── THE DATA

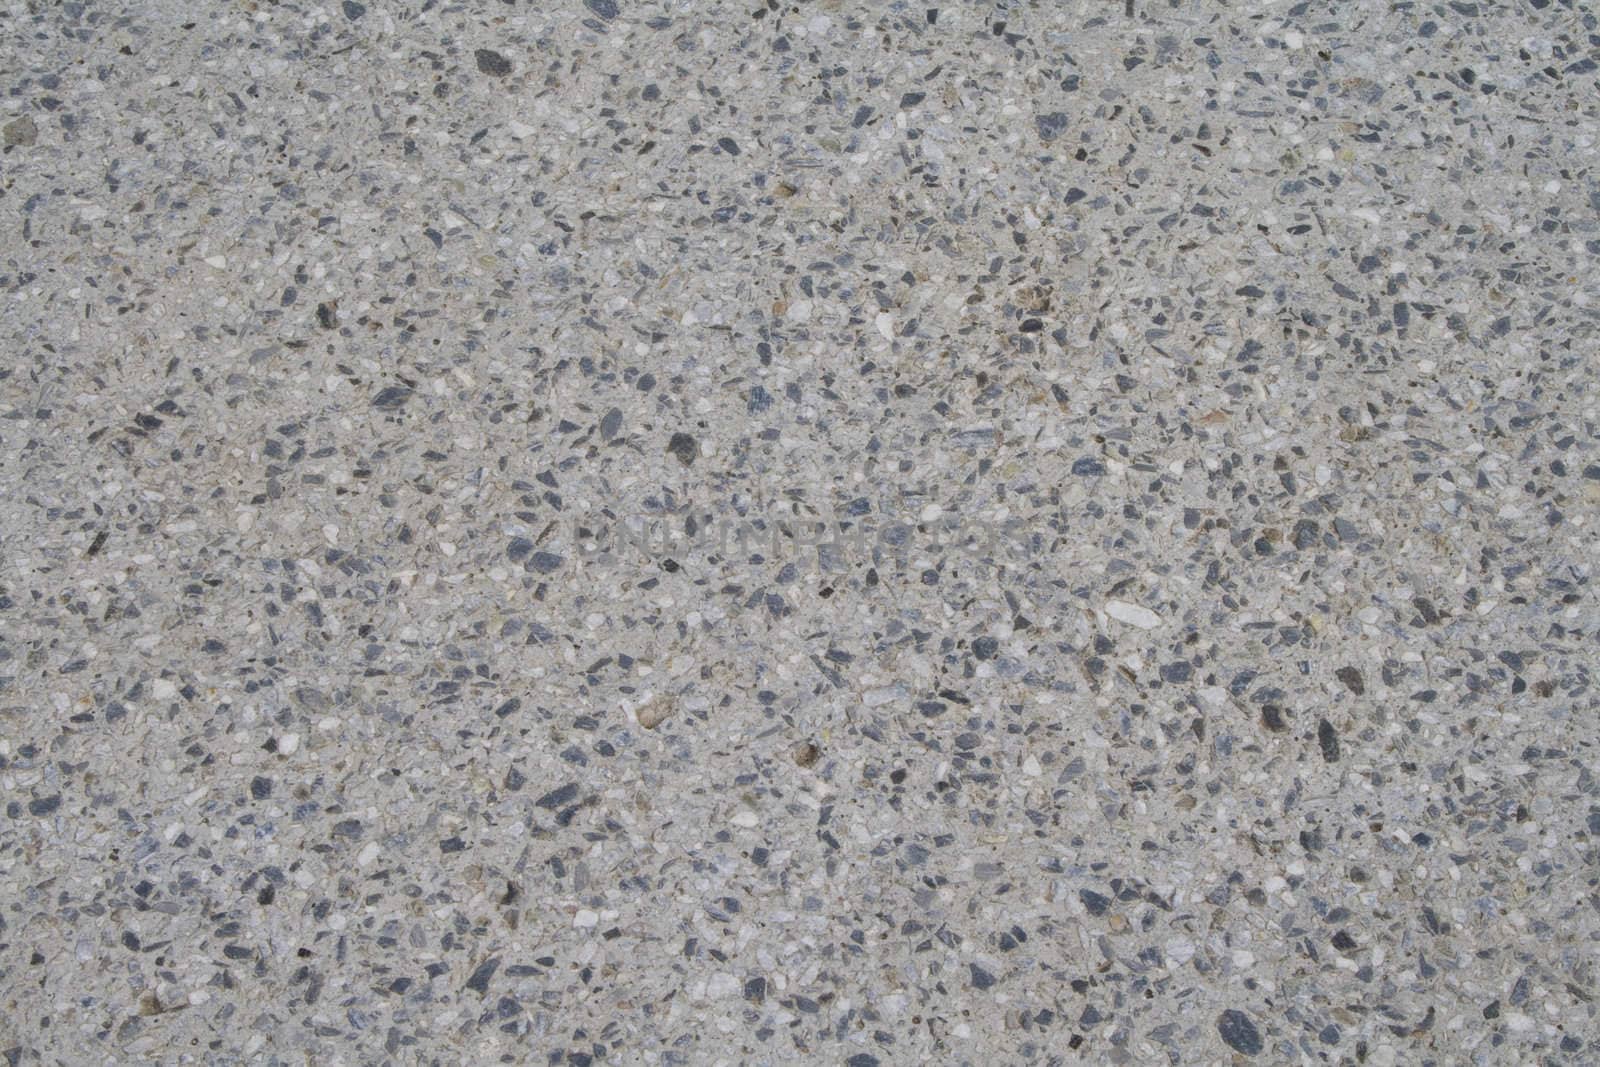 Cement floor, great for backgrounds and textures
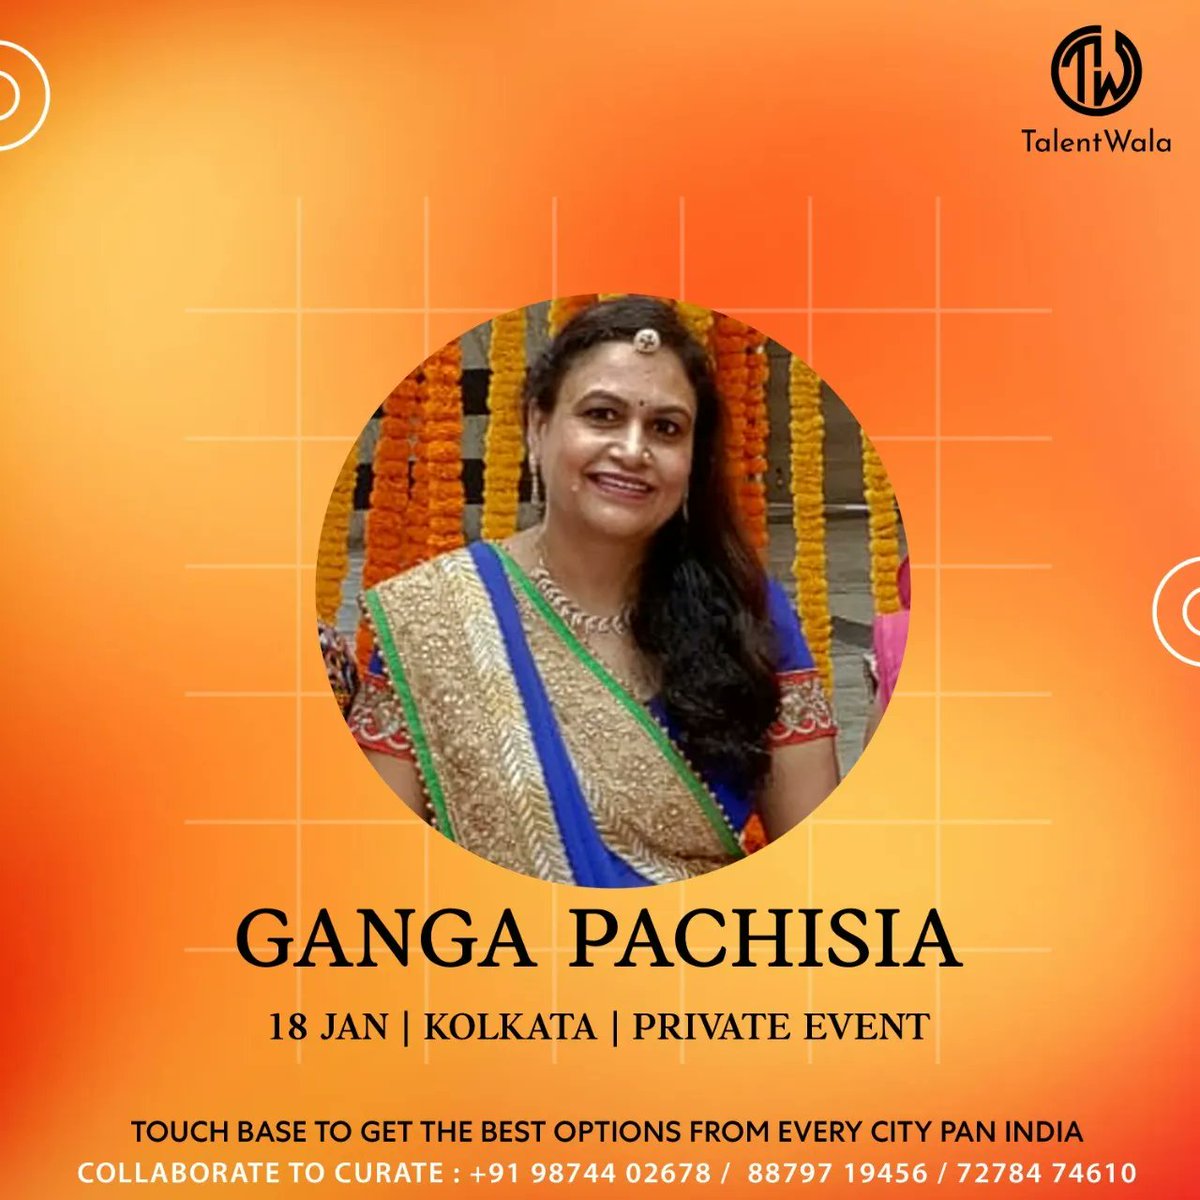 The very talented ceremonial singer Ganga
Pachisia will make the Myra ceremony a perfect and
memorable day with an attractive musical atmosphere
today at a private event in Kolkata.

#talentwala #artistmanager 
#kolkataevent #artistsinger #artistsingersinger
#gangapachisia

────

With pictures excluded, output the listing above exactly as it stands.

RESULT OF THIS TASK >>
 Cement floor, great for backgrounds and textures
 The very talented ceremonial singer Ganga
Pachisia will make the Myra ceremony a perfect and
memorable day with an attractive musical atmosphere
today at a private event in Kolkata.

#talentwala #artistmanager 
#kolkataevent #artistsinger #artistsingersinger
#gangapachisia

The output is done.